Had Leggett analyzed the essay, he would have easily figured out that the number was nothing more than a guess--- it was not a study and is was not intended to be one. In fact, had Leggett spent even a few moments on Google to determine whether the numbers were accurate, he would have discovered this quote from the essay's author himself:
"The media has had a field day with this since we started. Those figures were from our proposal [for a study]. They aren't actual data; that was just our projection to show how bad it might be."
Plus, had Leggett bothered to look, there are, in fact, a large number of published studies concluding that the feral cat population does not significantly affect the population of American birds. This is a list provided by the nation's preeminent animal-sheltering expert, Nathan Winograd, from the same source as the last quote:
Roger Tabor found that cats have low success as bird hunters and that the bulk of their diet is garbage, plants, insects, and other scavenger material. In short, cats are not impacting bird populations on continents. Fitzgerald & Karl found that "cats suppress populations of more dangerous predators such as rats and thus allow denser populations of birds than would exist without them." Robert Berg found that cats were not impacting quail population in San Francisco even though quail nest on the ground. Mead found no evidence that cats are impacting overall bird populations. Colemand & Brunner concluded that "The common belief that feral cats are serious predators of birds is apparently without basis." A Worldwatch Institute 1994 Study found that birds are in decline due to drought, habitat loss, overtrapping, and water pollution. Cats are noticeably absent as factors. A 1988 study by the University of Georgia blamed forest fragmentation across Southern U.S. for decimating songbirds. A Colorado Wildlife Dept. study in 1994 blamed drought. National Geographic lined declines to poisons in environment, particularly lawn care products."
Leggett could have figured this out. It's not that complicated. But we think he was too busy trying to justify his friend "whacking" the kittens in his garage. Or, perhaps, he didn't care.
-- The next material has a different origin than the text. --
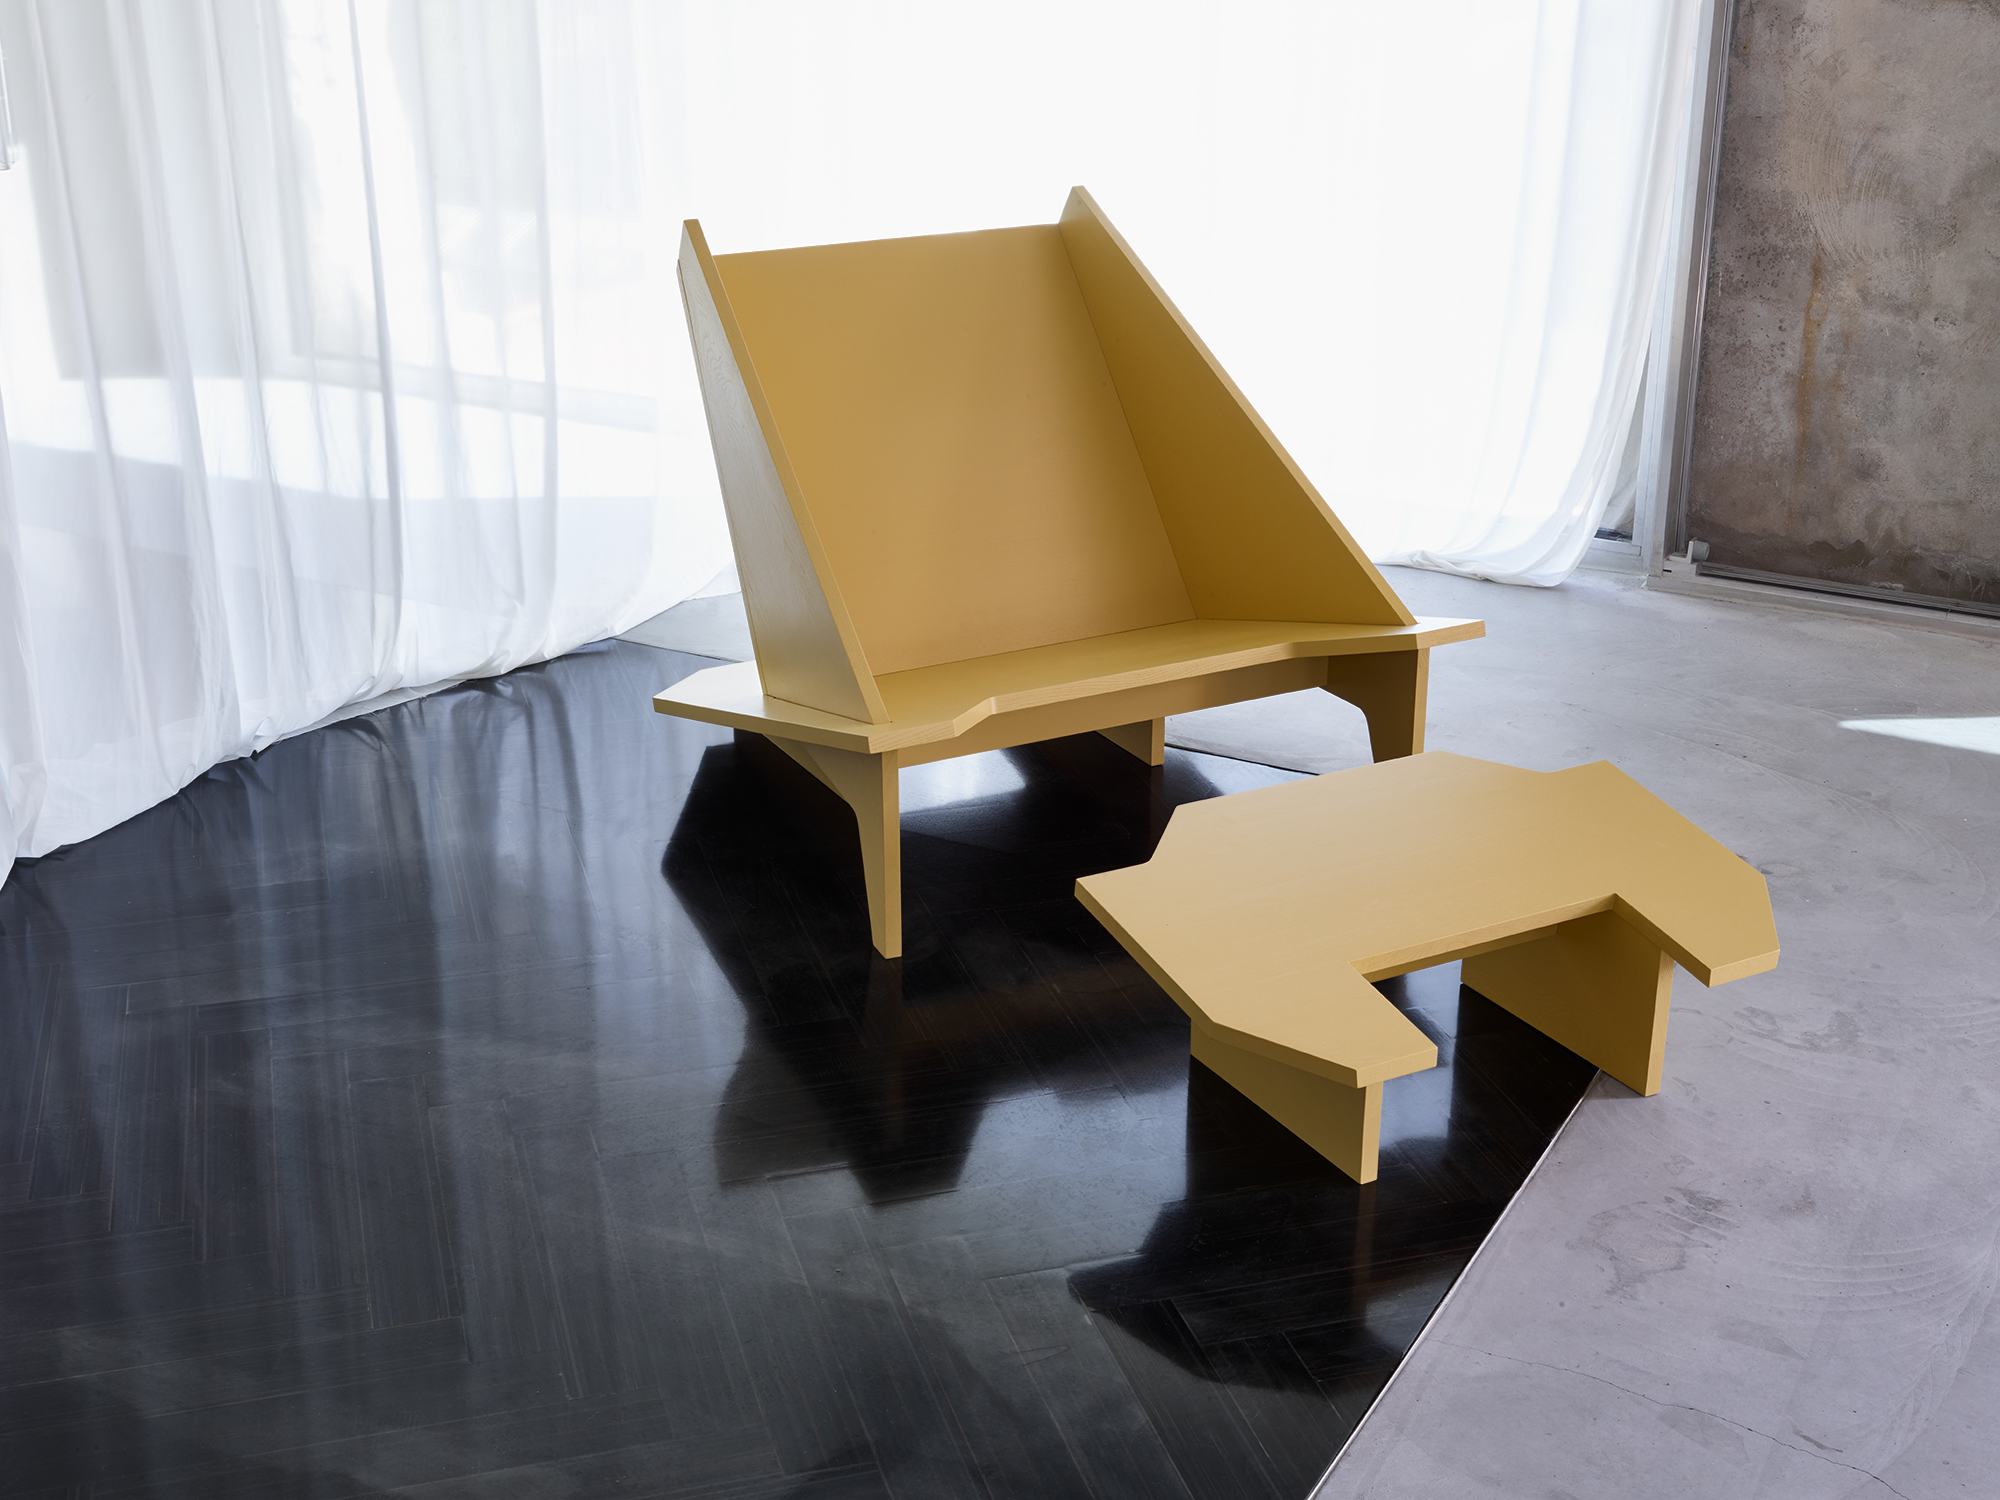 objekte-unserer-tage-3407-villa-18-takahashi-lounge-chair

The next "article" upon which Leggett relies to justify his friend's cat "whacking" is even less persuasive. To support his argument that "trap-neuter-release" does not work, Leggett cites an article about a small TNR operation on an ecologically sensitive area on Catalina Island that demonstrated that spayed and neutered cats roamed just as far as non-spayed and non-neutered cats. That's right-- the study concluded that unaltered cats roam just as far as altered cats. But what Mr. Leggett did not point out (probably intentionally) is that the study concluded that the program would work to eliminate the feral-cat species on the island in about 10 years. It did not conclude that TNR was ineffective at reducing the feral cat population; it concluded the opposite. Mr. Leggett citing this study to disprove the efficacy of TNR is like the birthers pointing to President Obama's Hawaiian birth certificate as evidence that Obama was born elsewhere. It makes no sense at all.
In the end, none of the science mattered to Leggett or the Statesman. His article wasn't about that. Instead, it was about his need to figure out how to justify his buddy killing the kittens that a momma cat mistakenly brought into his garage. But you know what, Mr. Leggett? Not every act of killing can be justified--- even if performed by your buddy.